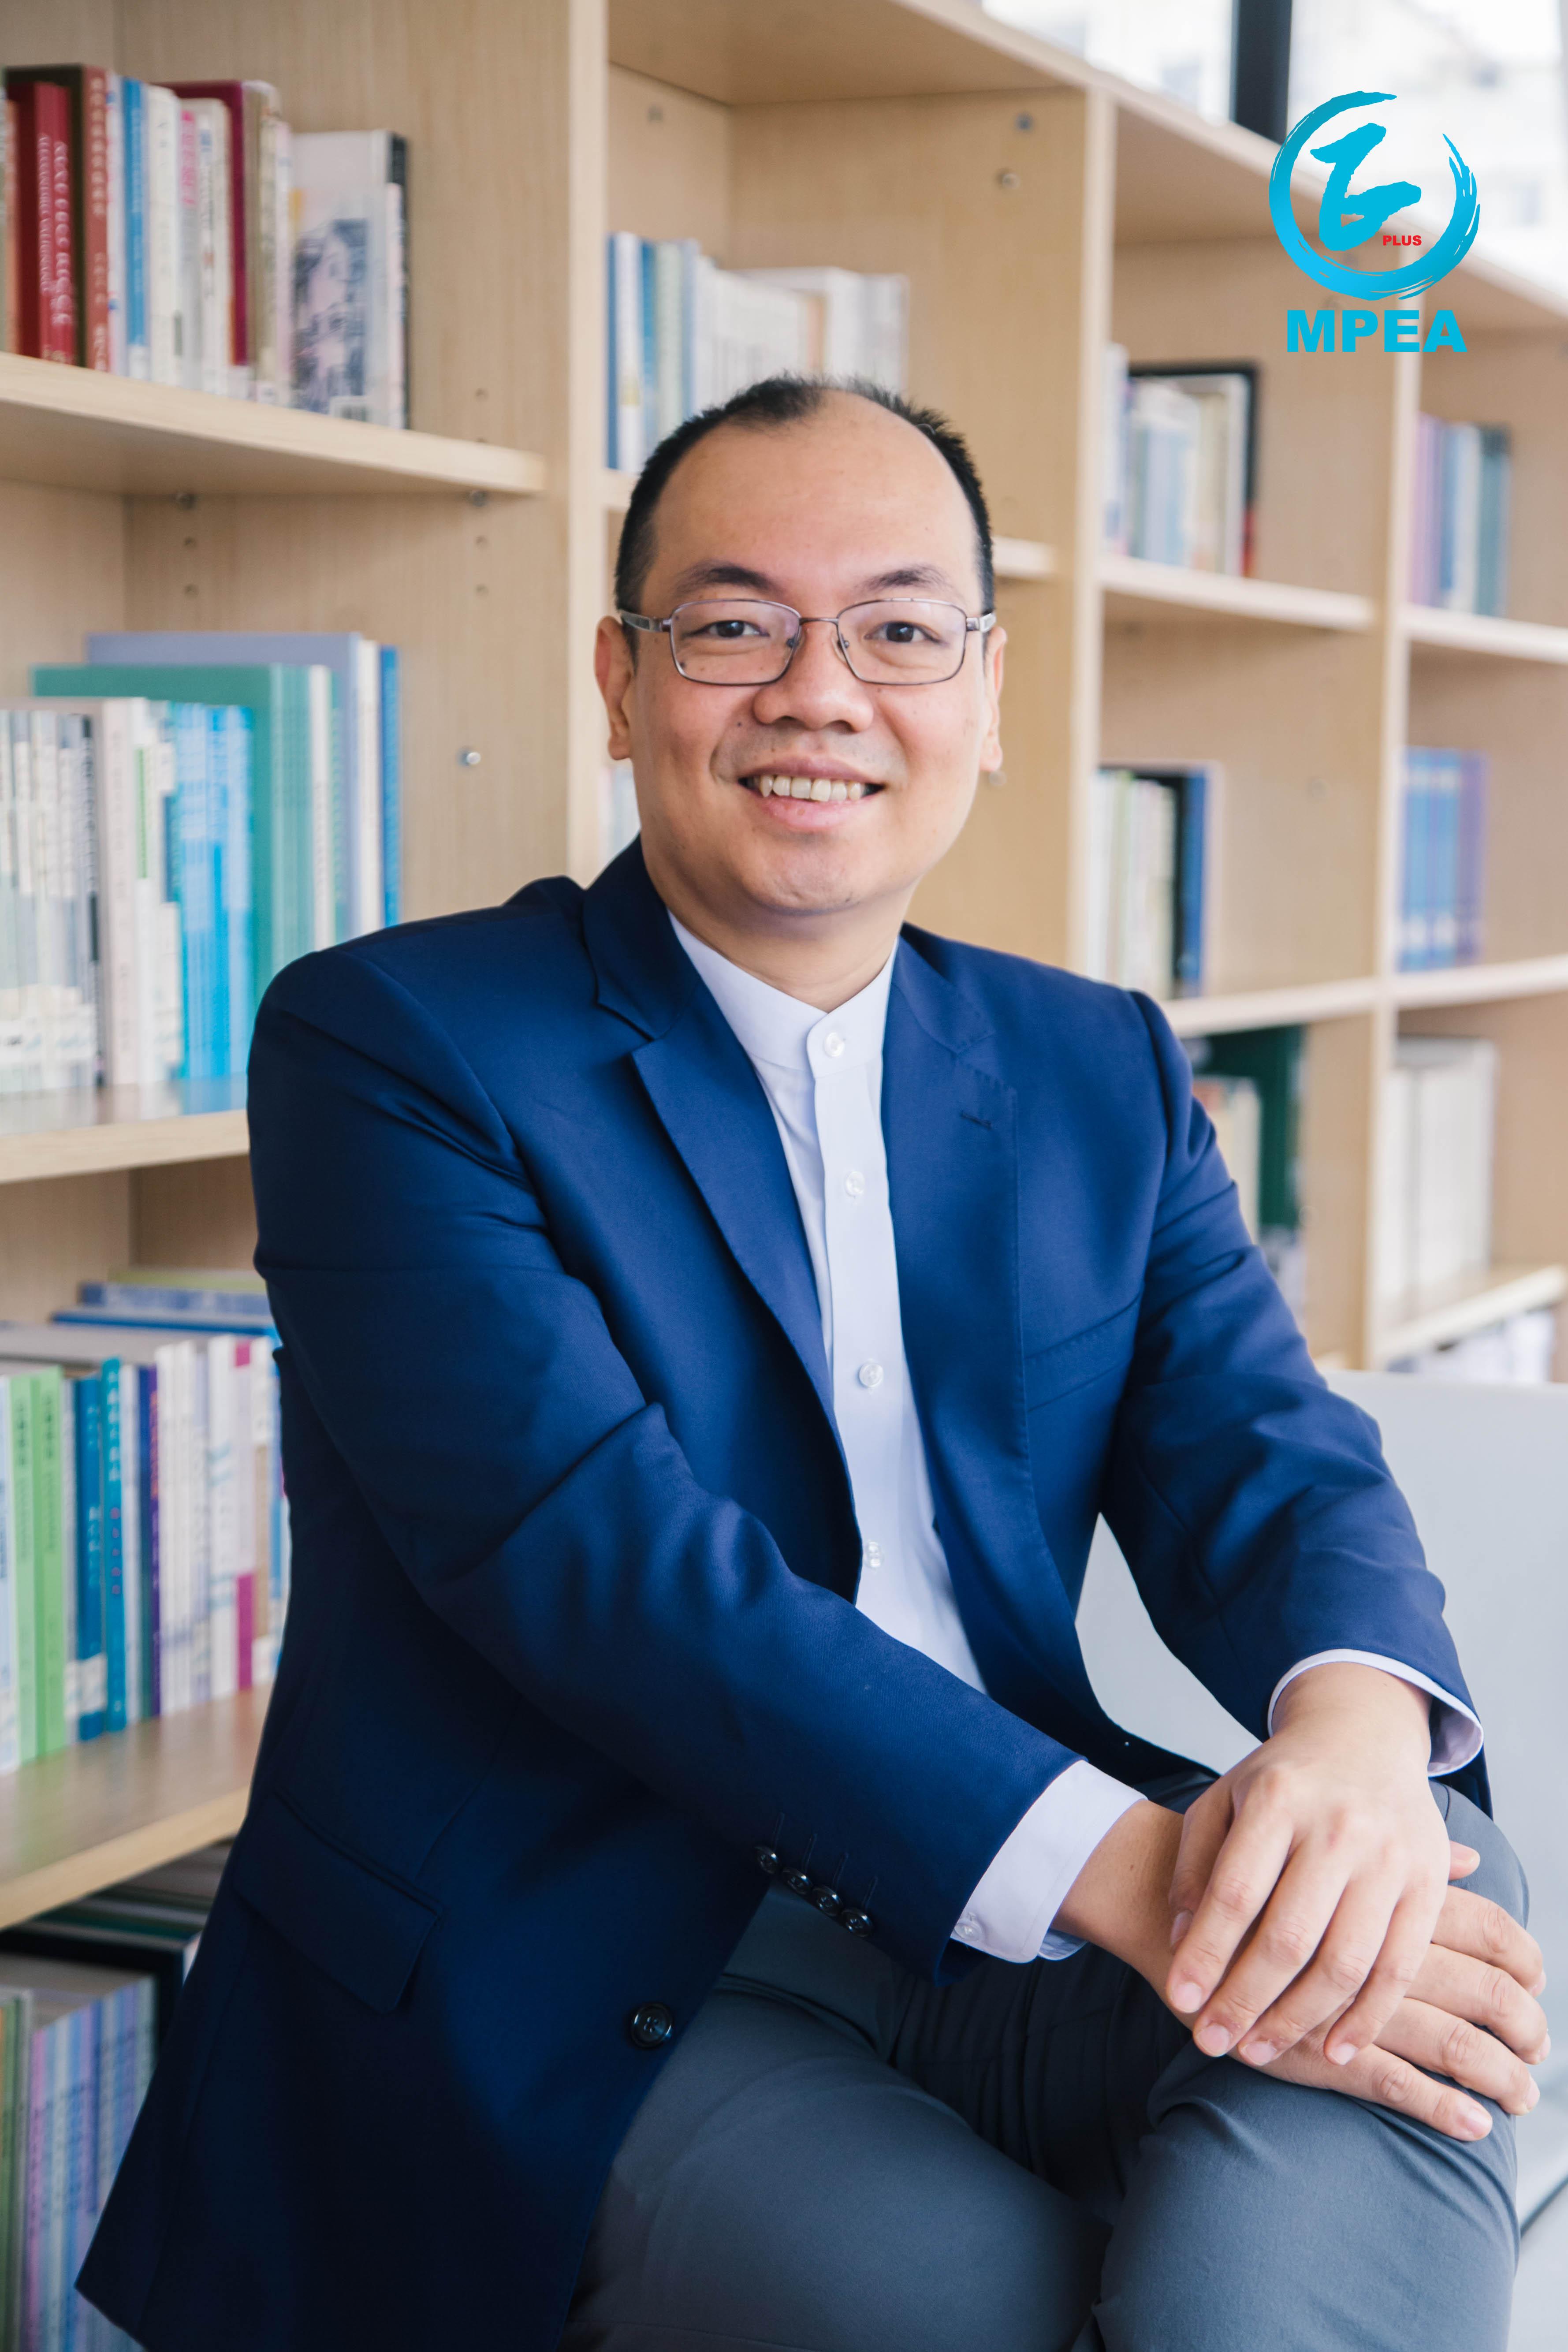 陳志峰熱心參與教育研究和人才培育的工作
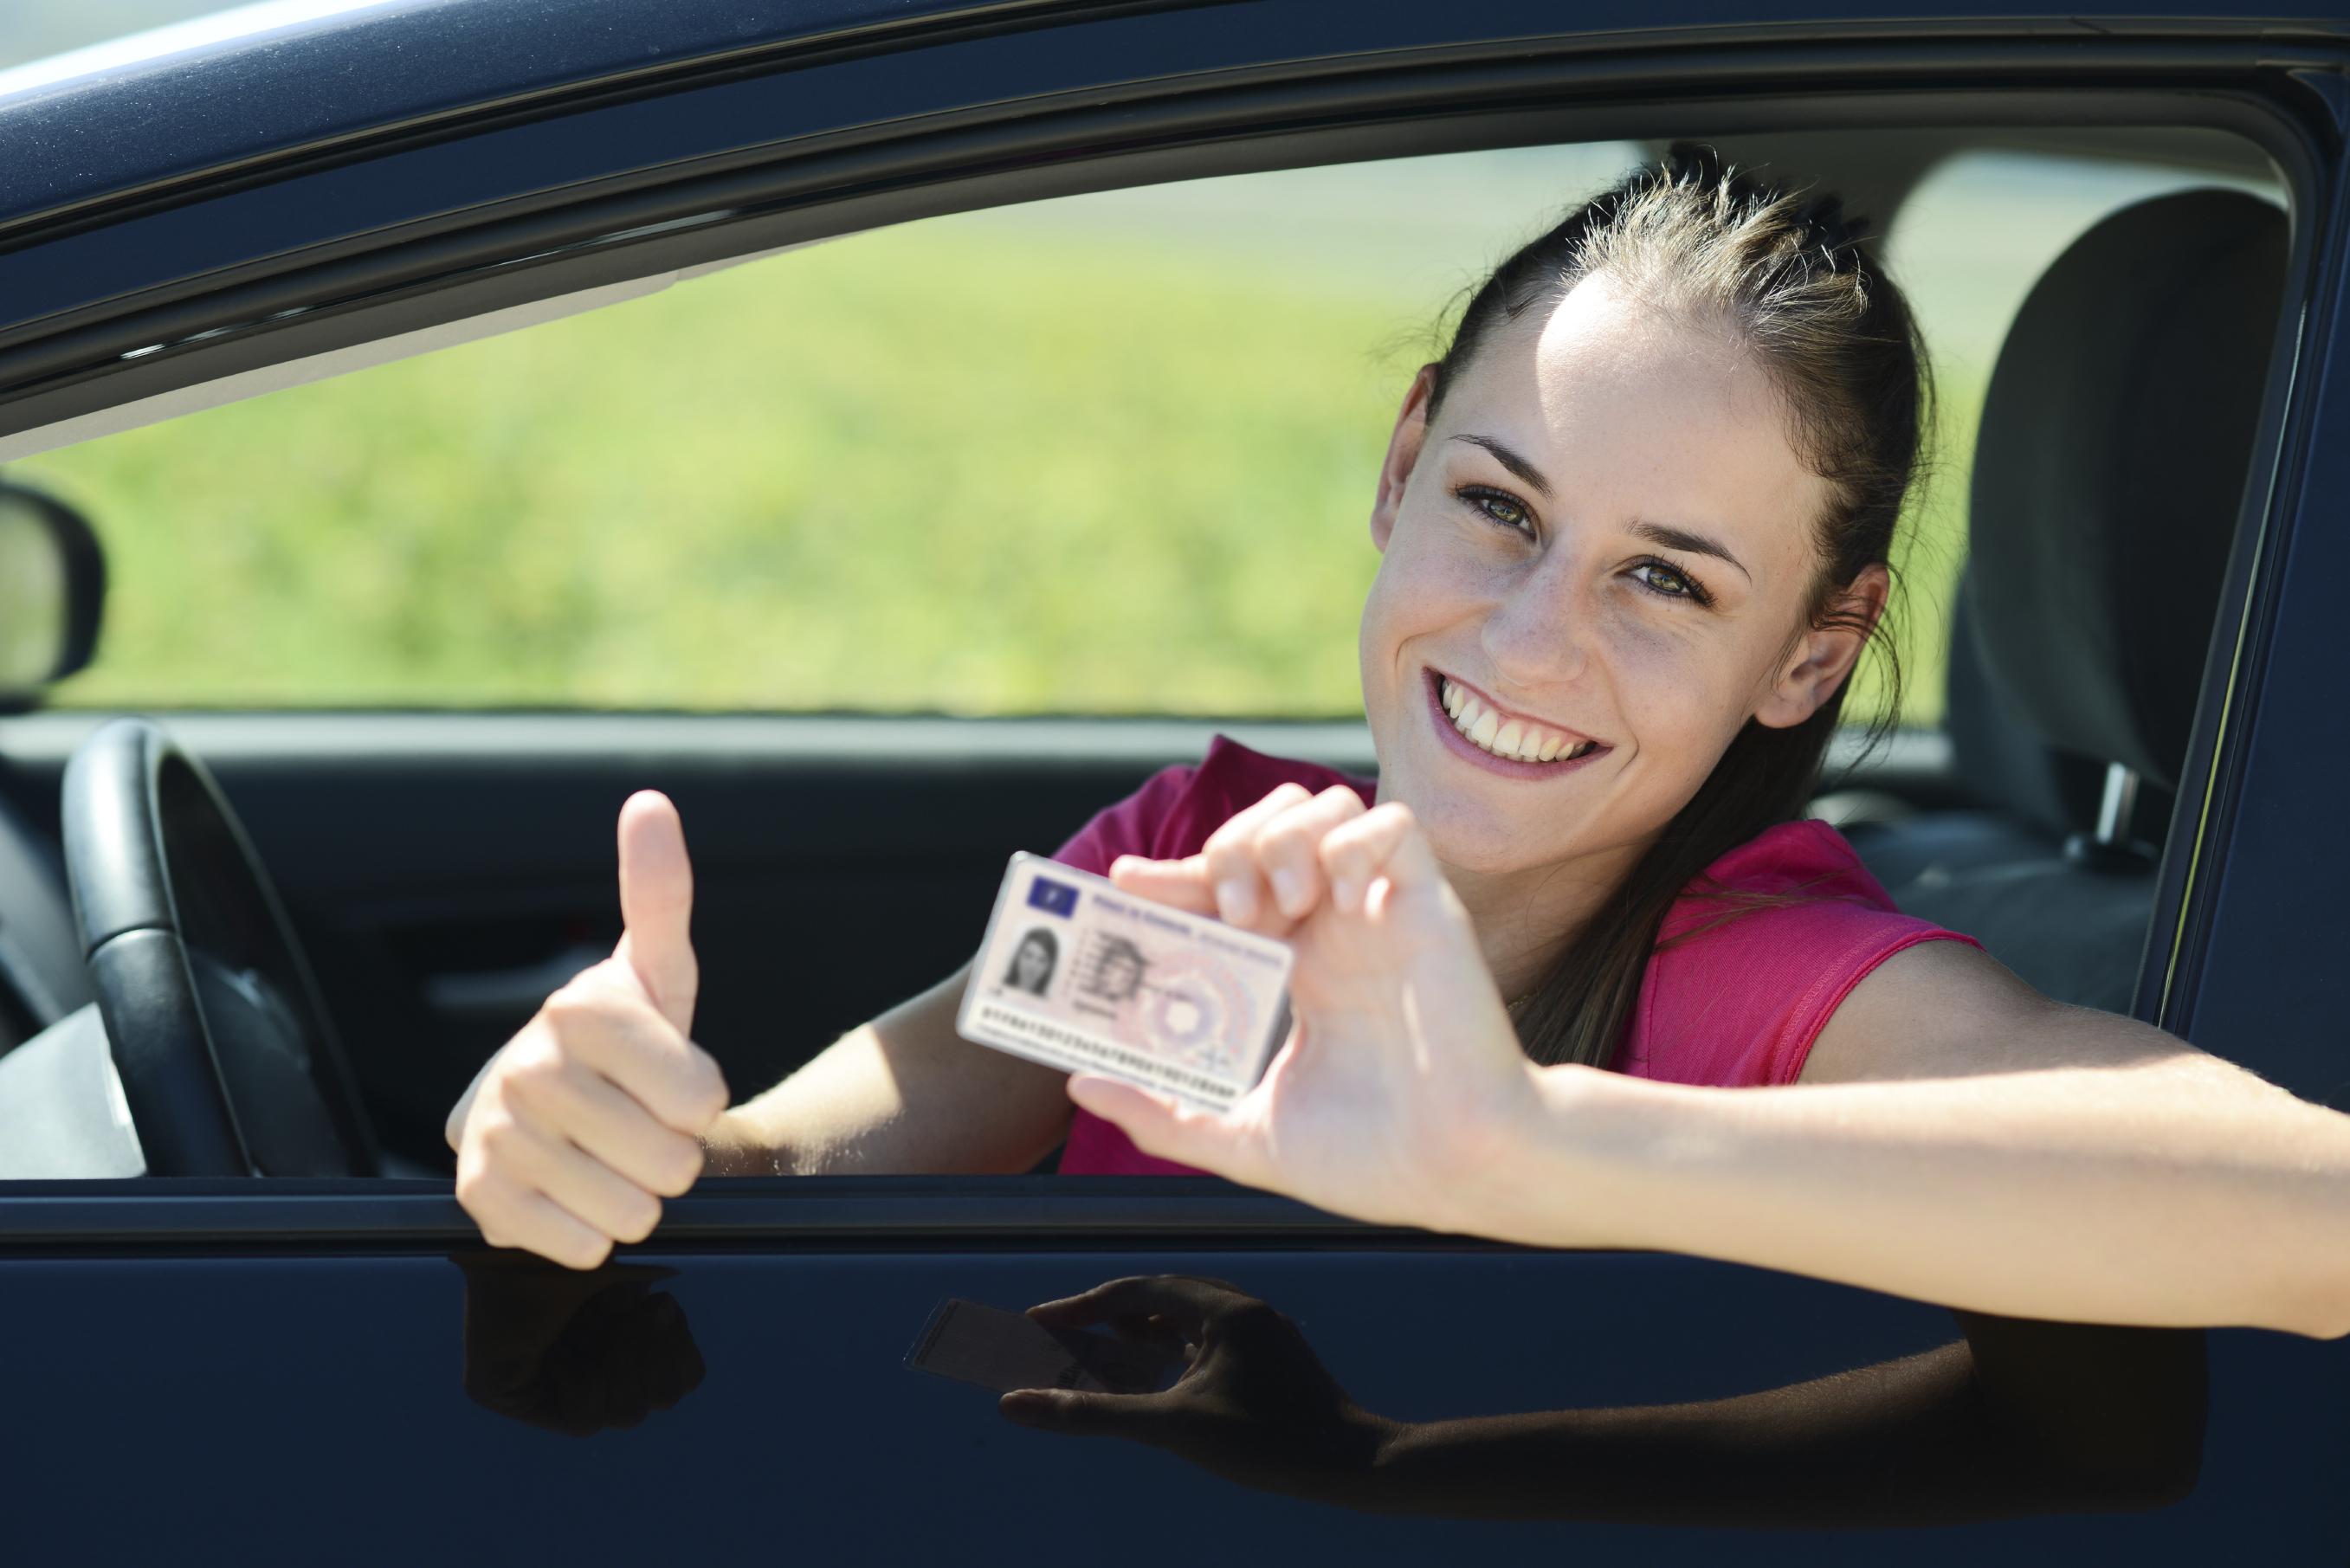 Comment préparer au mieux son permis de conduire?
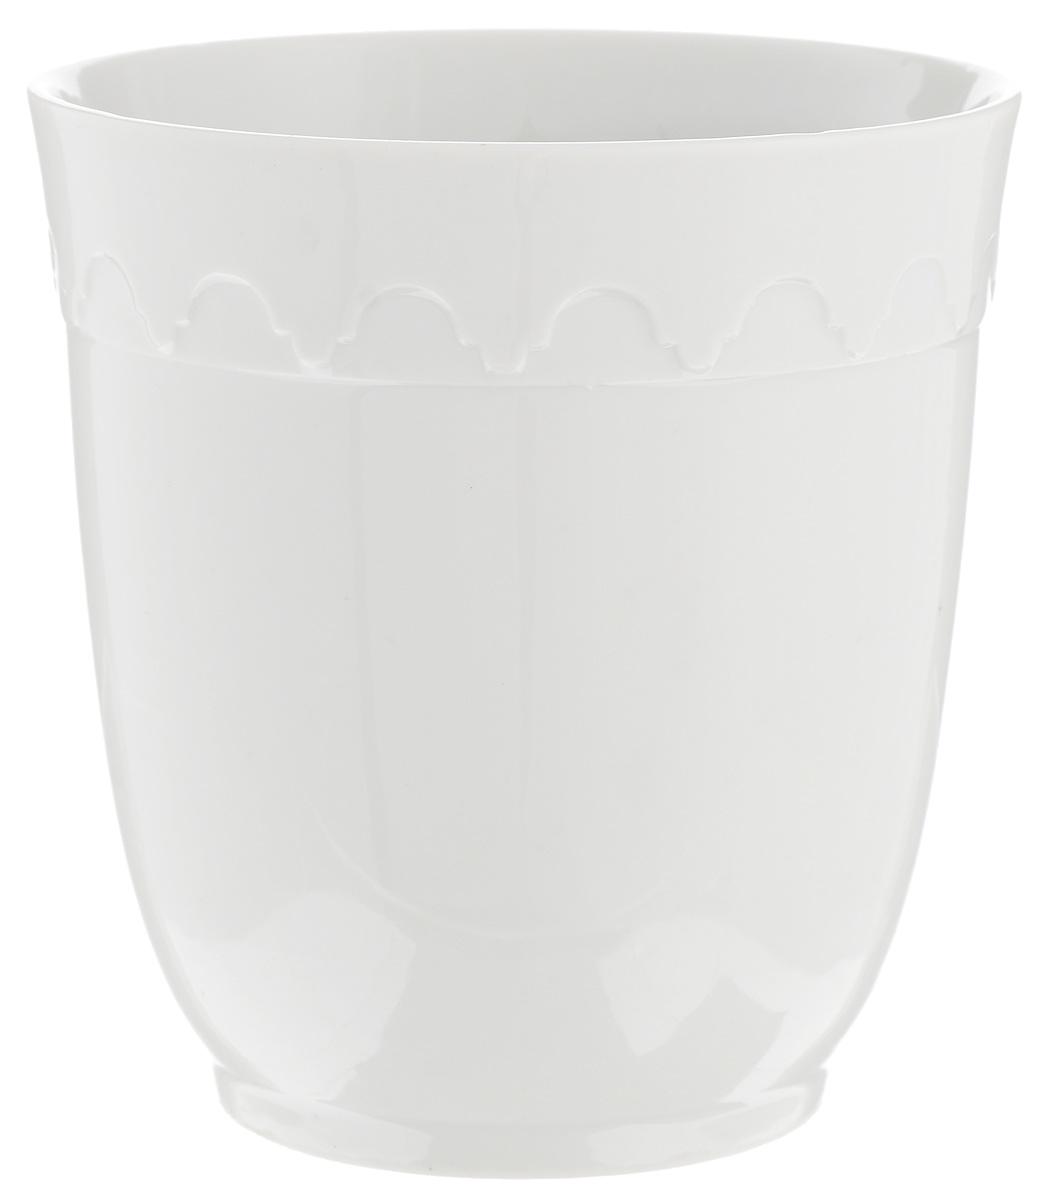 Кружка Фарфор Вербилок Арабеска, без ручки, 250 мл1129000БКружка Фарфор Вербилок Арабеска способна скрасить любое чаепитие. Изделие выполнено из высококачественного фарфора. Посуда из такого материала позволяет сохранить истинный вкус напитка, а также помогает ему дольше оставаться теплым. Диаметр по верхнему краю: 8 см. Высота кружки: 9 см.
* * *
* **Goal of the exercise**: Repeat all the material exactly, but keep pictures out of the copy.

* **Expected output**:
 陳志峰熱心參與教育研究和人才培育的工作
 Comment préparer au mieux son permis de conduire?
 Кружка Фарфор Вербилок Арабеска, без ручки, 250 мл1129000БКружка Фарфор Вербилок Арабеска способна скрасить любое чаепитие. Изделие выполнено из высококачественного фарфора. Посуда из такого материала позволяет сохранить истинный вкус напитка, а также помогает ему дольше оставаться теплым. Диаметр по верхнему краю: 8 см. Высота кружки: 9 см.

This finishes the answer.